The company, which also makes Kate Spade handbags, is also restarting business in Europe and has already reopened most of its stores in China, where the outbreak began.
While business in China is starting to gradually improve, Chief Executive Officer Jide Zeitlin said he expects a slow rebound in the West as stores reopen into what is likely a deep recession.
“Handbags are a very discretionary category and we estimate that 67% of Coach’s sales are driven by some form of external event whether that be work, going out, or specific events and occasions,” said Neil Saunders, Managing Director of GlobalData Retail.
“With these things firmly off the agenda, the need to buy handbags has dissipated.”

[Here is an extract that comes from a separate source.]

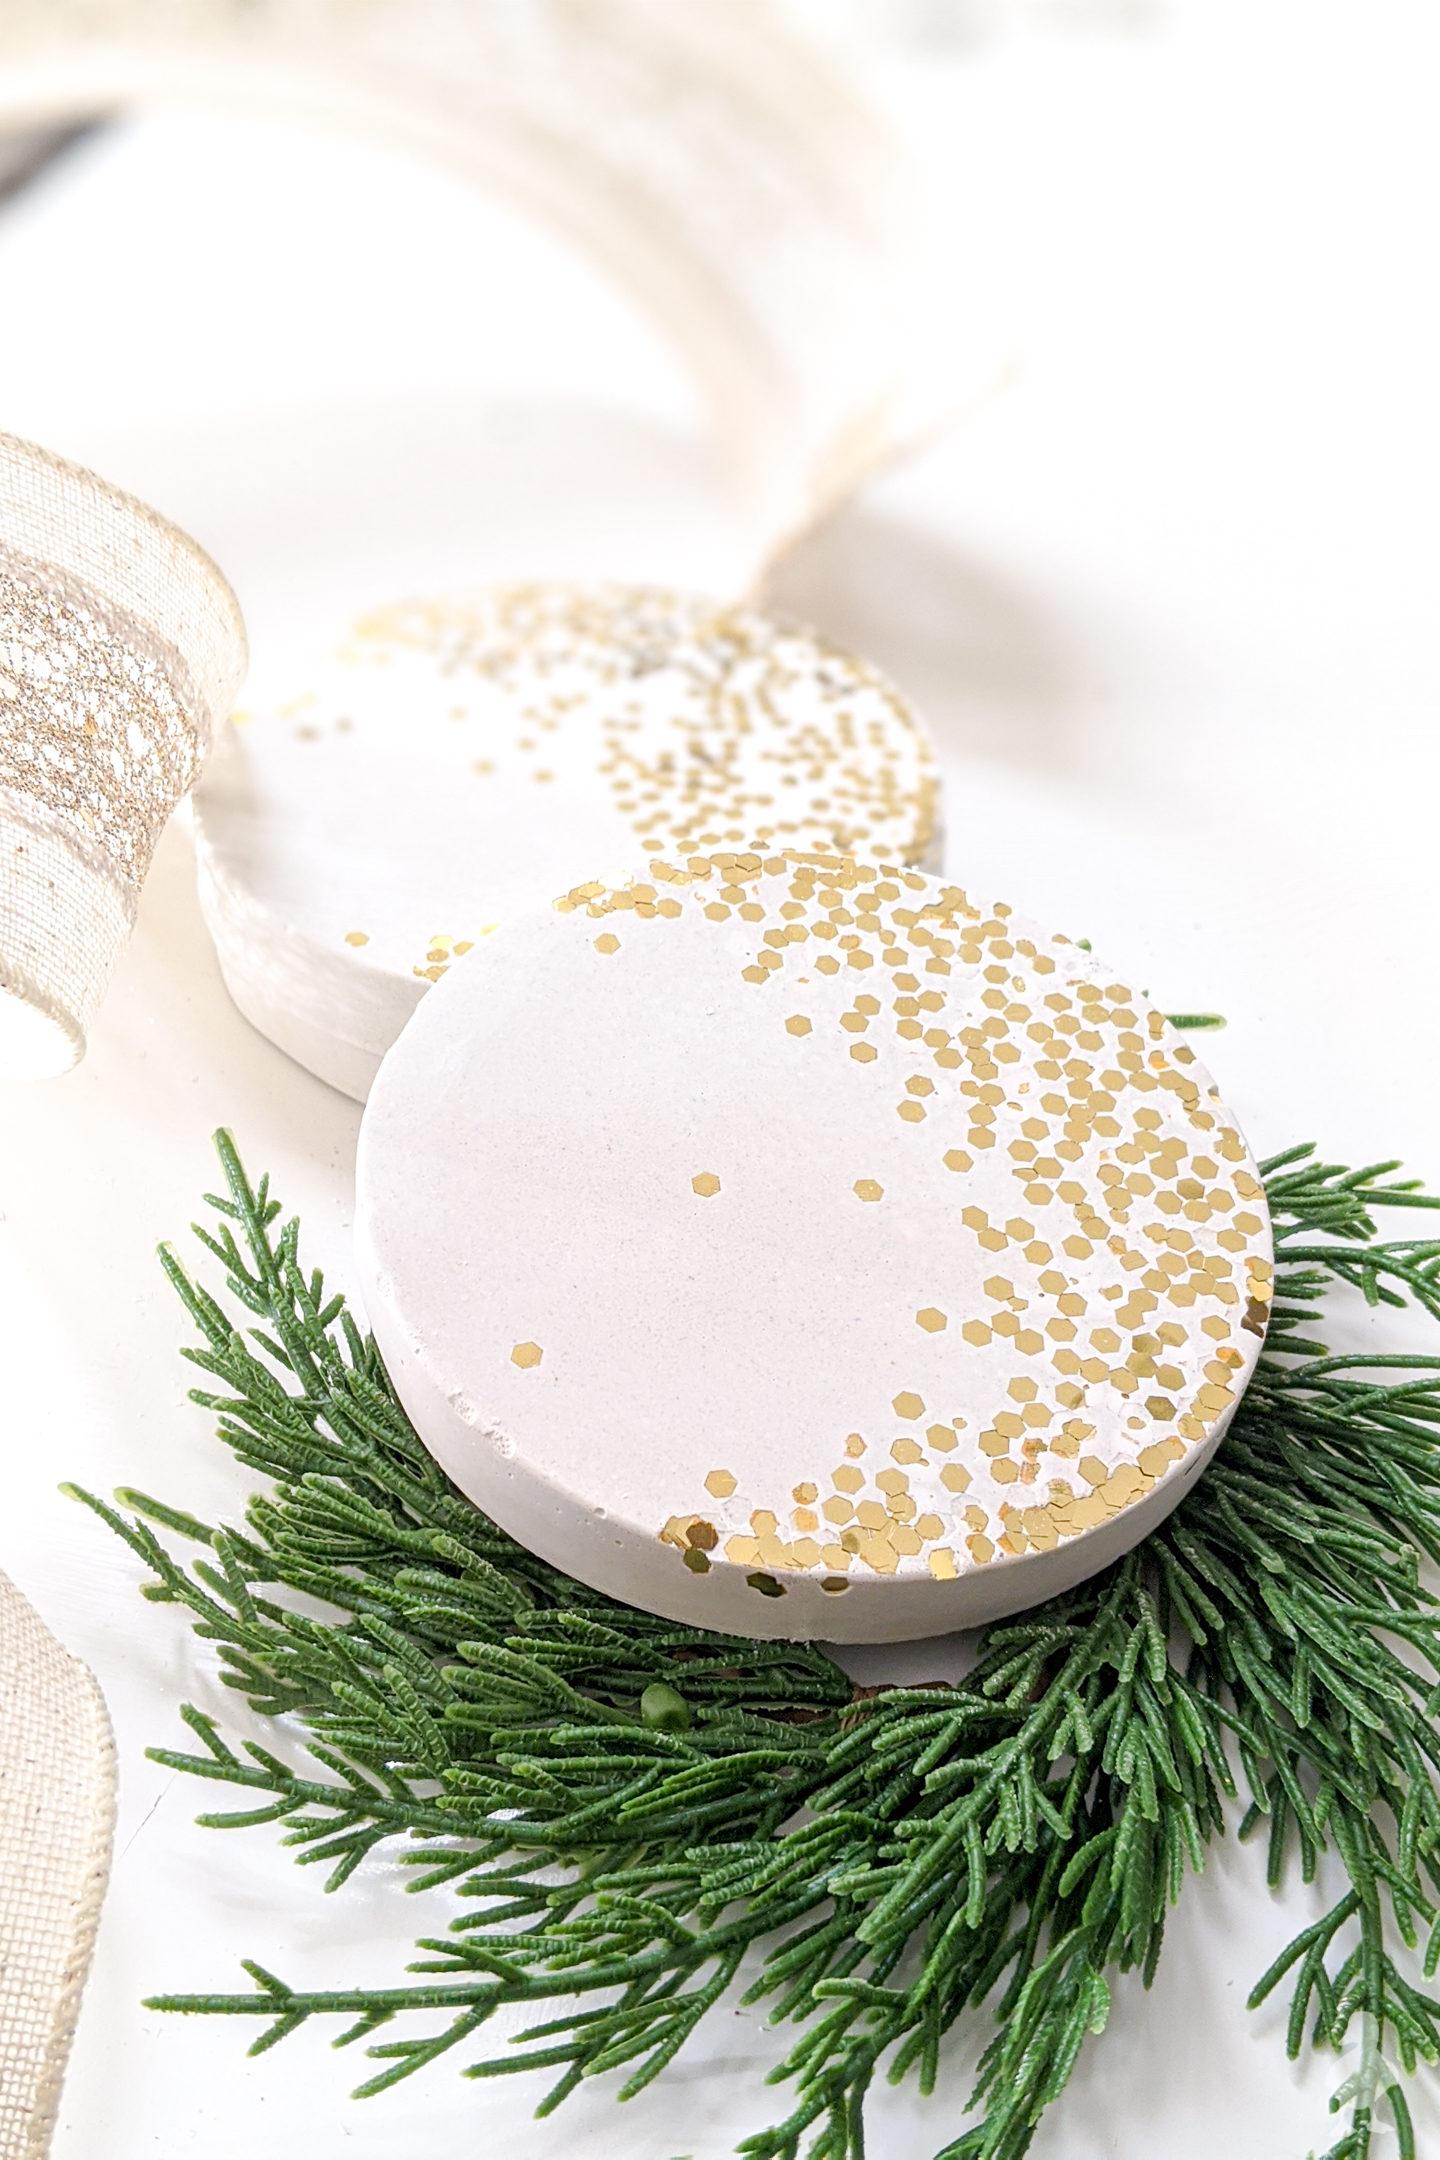 Gold confetti and white concrete coasters

Tapestry’s net sales fell 19.4% to $1.07 billion in the third quarter ended March 28, it’s biggest drop in at least 15 years, according to data from Refinitiv.
The company’s shares, which have fallen about 37% this year, fell a further 10% in morning trading.
The company reported a quarterly net loss of $677.1 million, compared to a profit of $117.4 million a year earlier, as costs surged.
The company said it wrote down the value of its brand assets by $267 million and struck off $211 million of goodwill from its Stuart Weitzman unit, as store closures hit cash flows.
Excluding items, the company lost 27 cents per share, bigger than the 12 cents per share loss analysts were expecting, according to IBES data from Refinitiv.